### TASK ITEM
From the first line to the last, restate the data exactly, leaving out the images.

### DATASET CONTENT

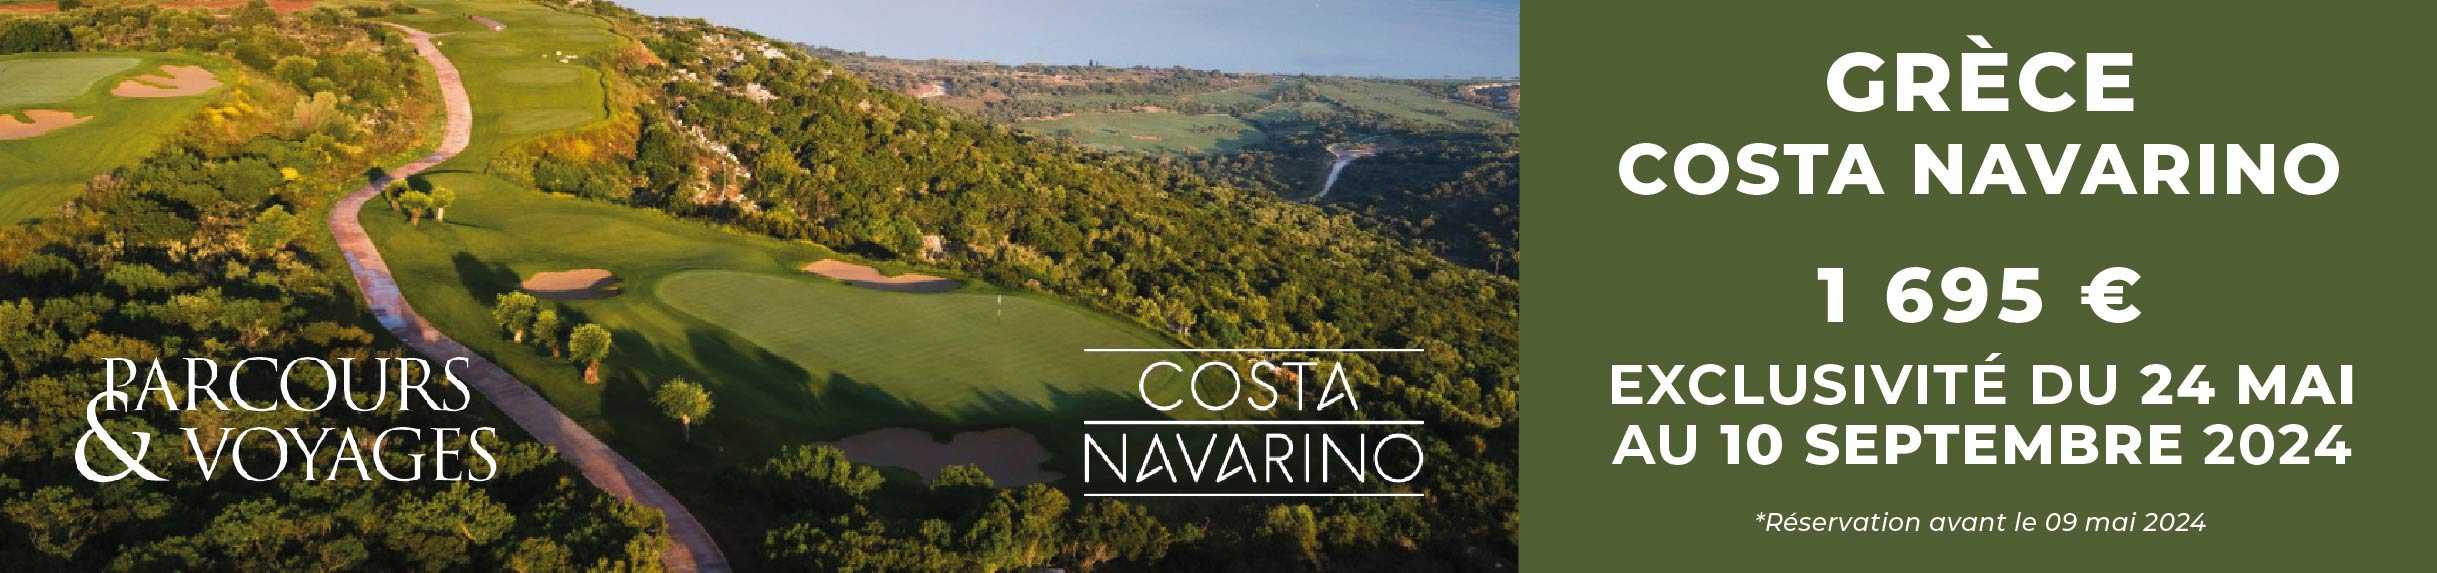 Parcours Voyages D01 2024 – Costa Navarino – Bannière large
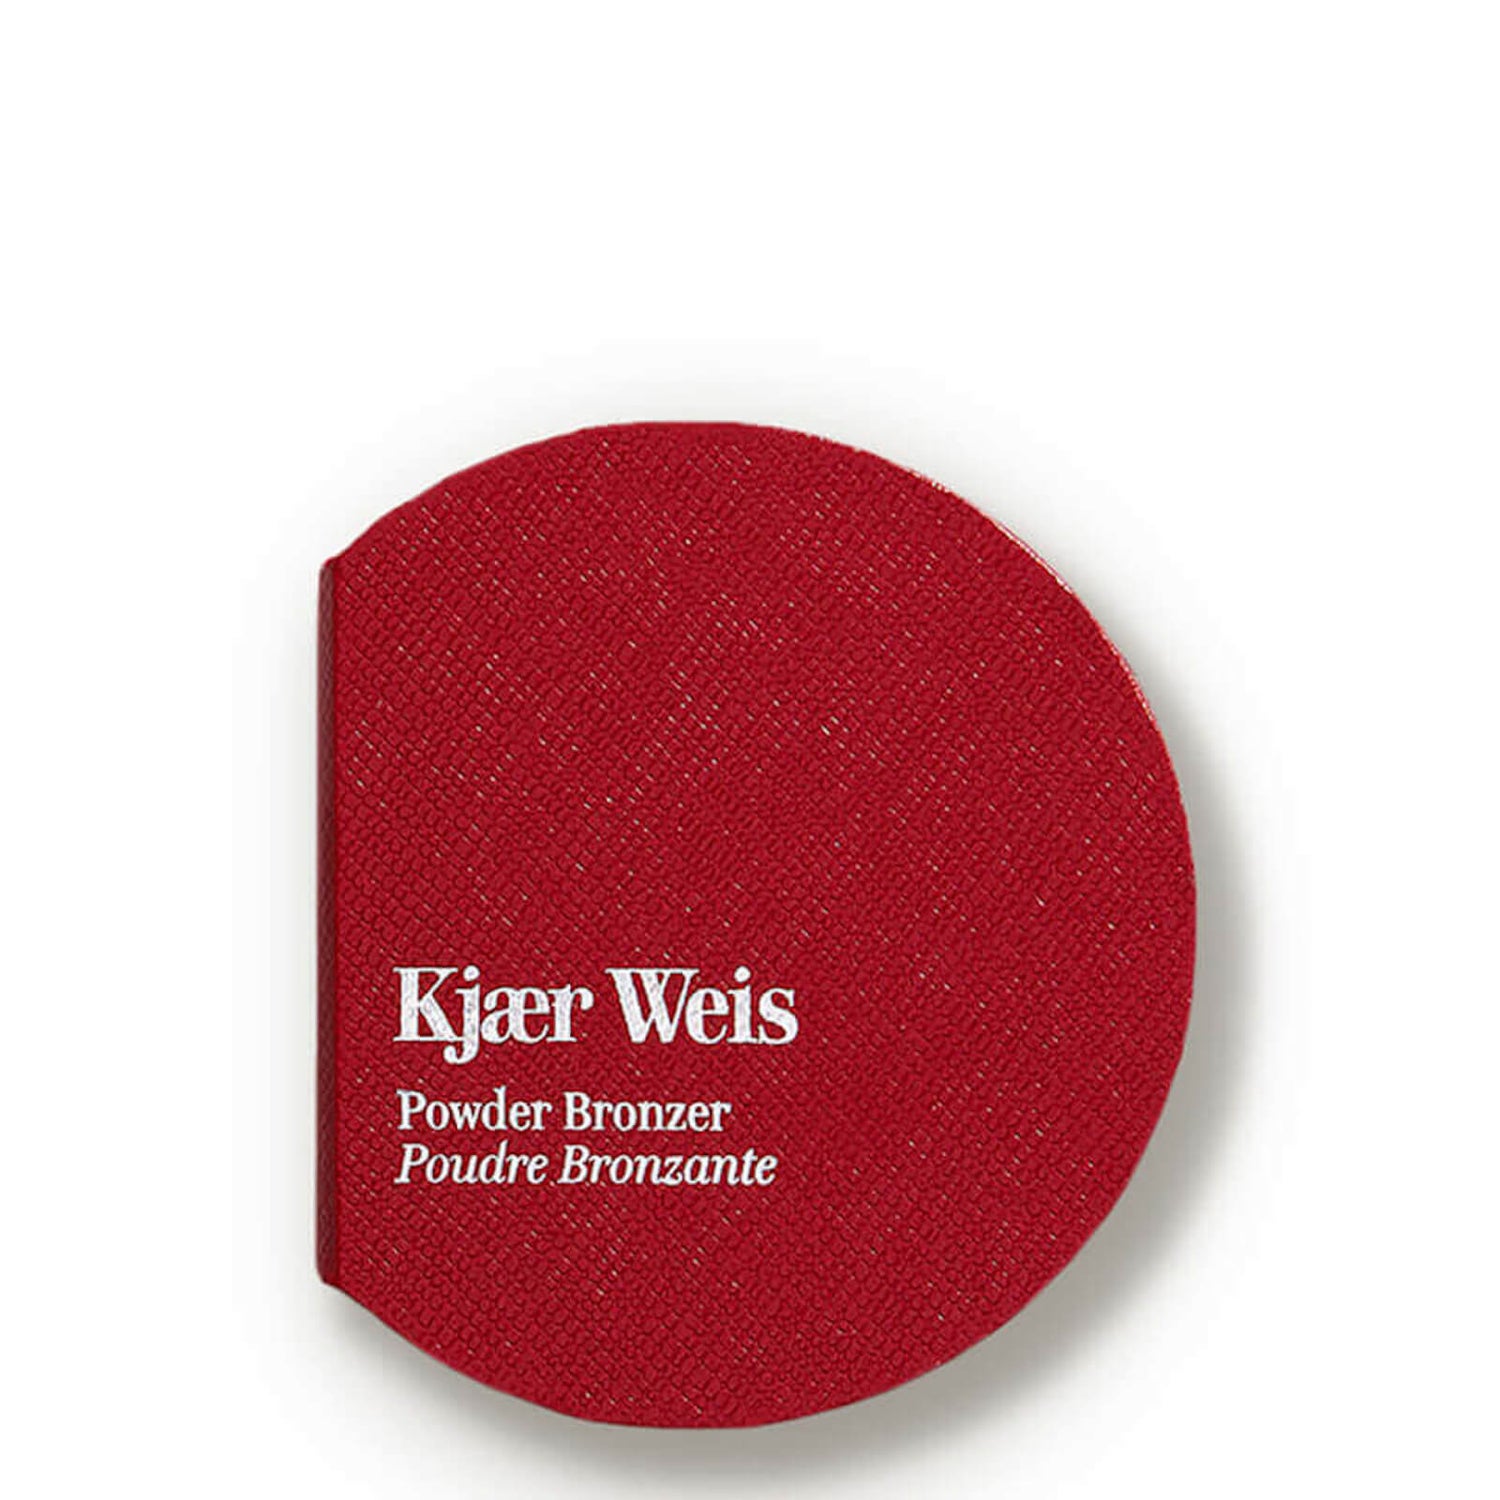 Kjaer Weis Red Edition Compact - Powder Bronzer (1 piece)
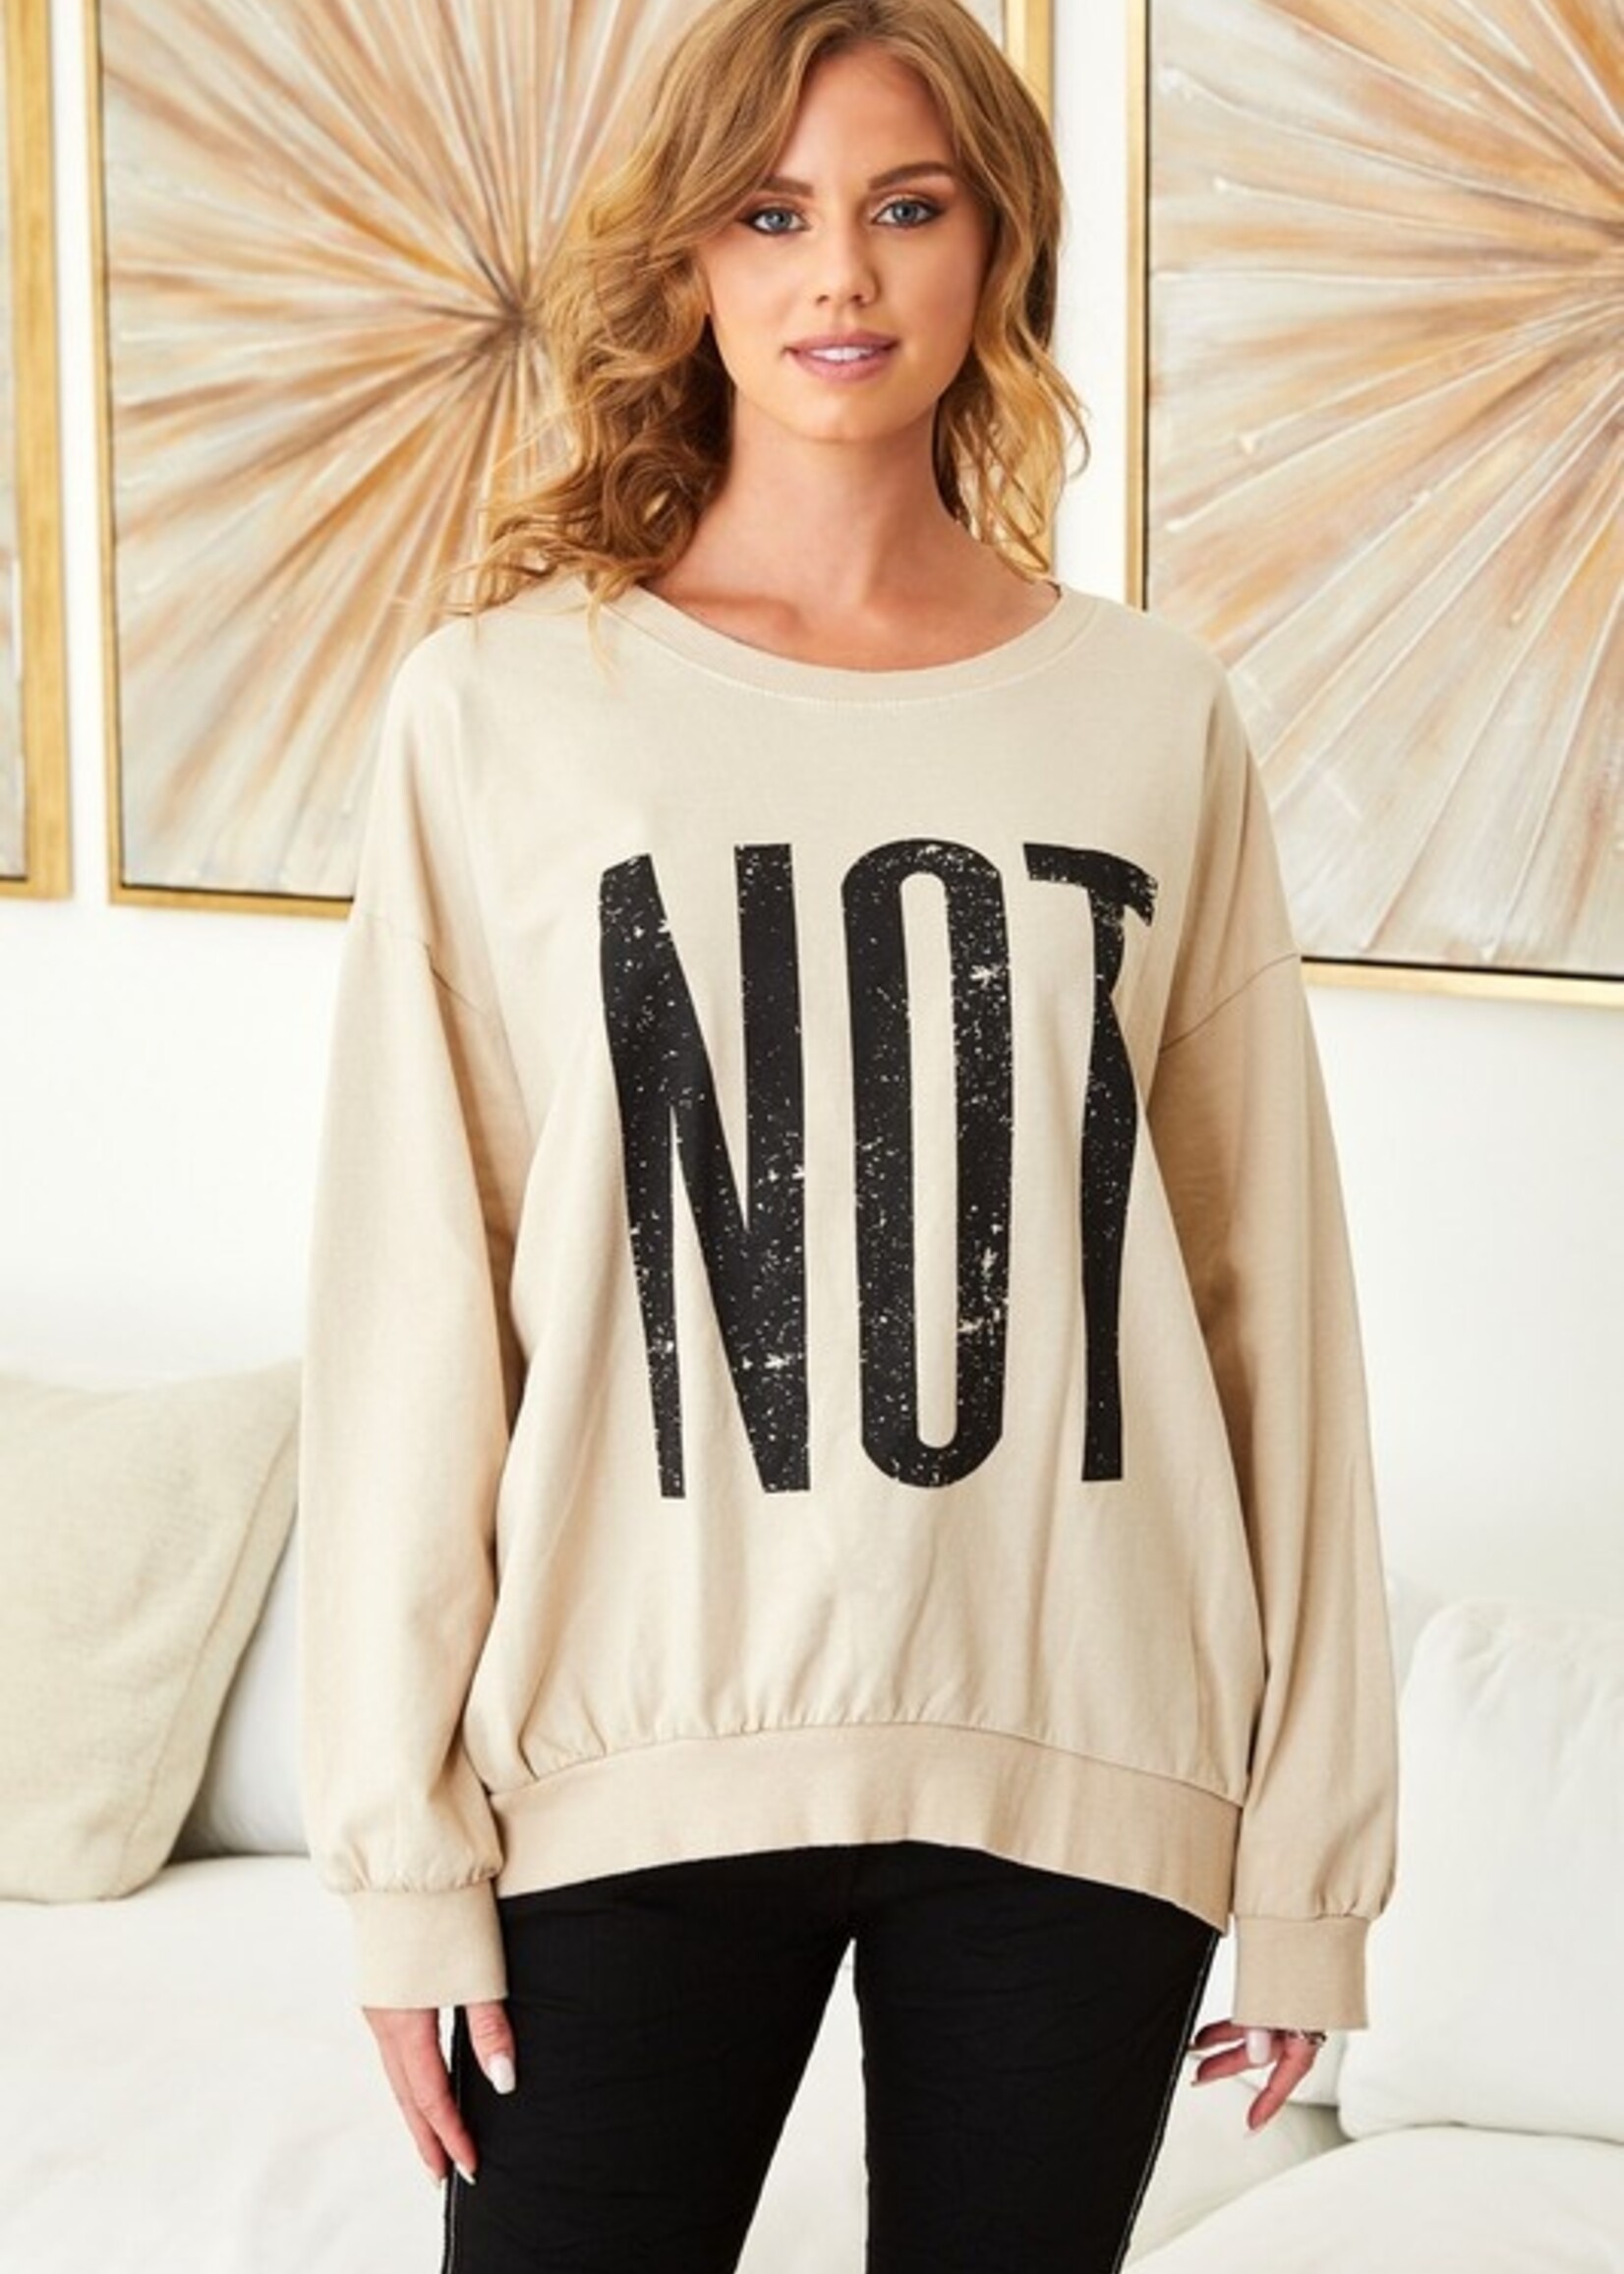 Not sweatshirt

### REPLY TO THE TASK
 Parcours Voyages D01 2024 – Costa Navarino – Bannière large
 Kjaer Weis Red Edition Compact - Powder Bronzer (1 piece)
 Not sweatshirt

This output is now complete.